Referencing the HLG-240H-C1750B, would adding a resistor between DIM + and DIM - increase the voltage of the driver?

It's rated to output 143v at 1750mA. But if I added a resistor between the DIM terminals decreasing the current to let's say 1500mA would I get more voltage? If so how much?

[steveggz]

I decided to switch from linear dimming to PWM using a power supply and Mean Well LDD-1500H buck drivers. The LDD-1500H out put 1500mA but need to reduce the current to 1480mA. Would adding a current limiting resistor in series with the LED's mess with the PWM slew rate or pulse frequency? I need the LED's to pulse in the kilohertz frequencies without any disturbance and don't want the fast slew rates of the buck to be negatively effected.

[Zero999]

I decided to switch from linear dimming to PWM using a power supply and Mean Well LDD-1500H buck drivers.
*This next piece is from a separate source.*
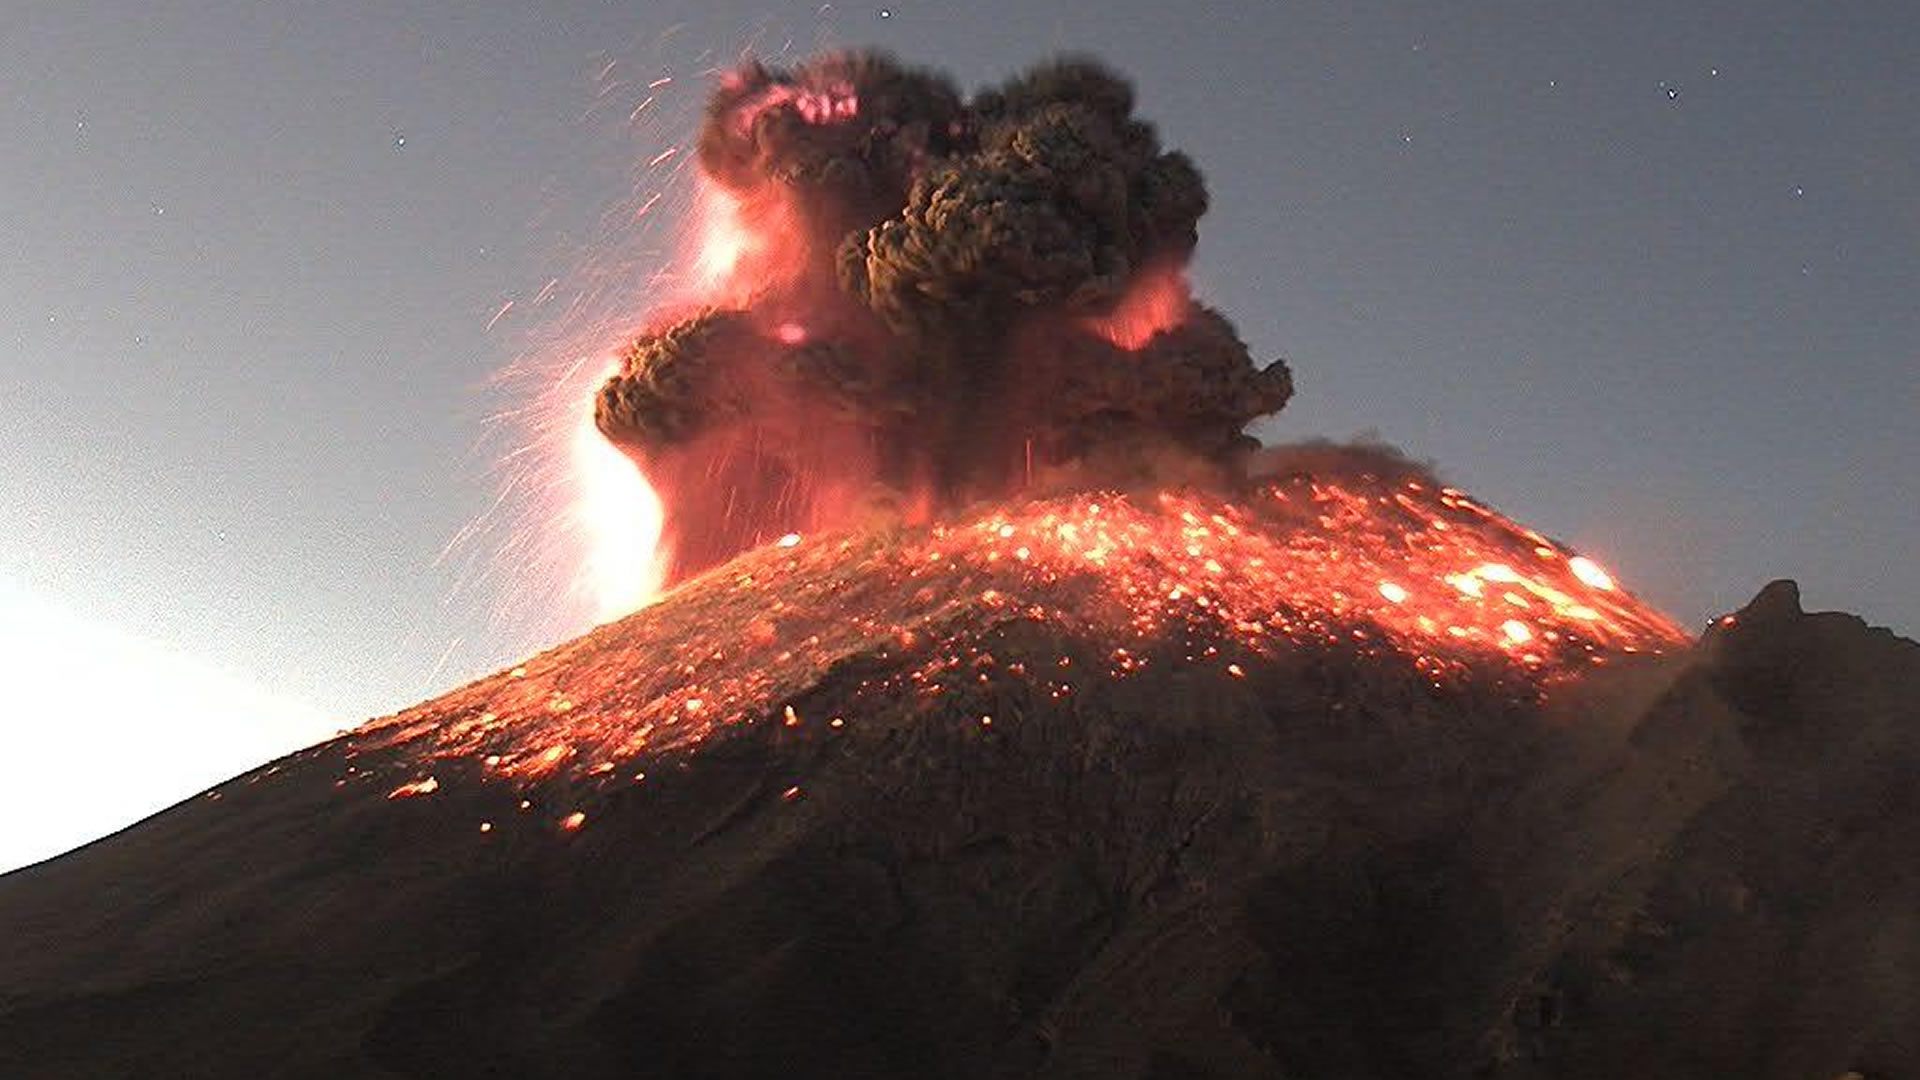 Extraños sonidos similares a turbina de avión son escuchados en el volcán Popocatépetl en México (VÍDEO)

The LDD-1500H out put 1500mA but need to reduce the current to 1480mA. Would adding a current limiting resistor in series with the LED's mess with the PWM slew rate or pulse frequency? I need the LED's to pulse in the kilohertz frequencies without any disturbance and don't want the fast slew rates of the buck to be negatively effected.

How could a series resistor possibly help to reduce the current through the LEDs, driven by a constant current supply? It won't. All that'll happen, is the power supply will increase its voltage, to compensate.

I doubt there will be any problems with operating at 1500mA vs 1480mA. The output current of the driver probably has a looser tolerance than that.

Connecting a resistor in parallel with the LEDs could be used to reduce the current through the LEDs, by diverting it around them, at the expense of dissipating extra power.

[steveggz]

Thanks Hero999! I appreciate your help.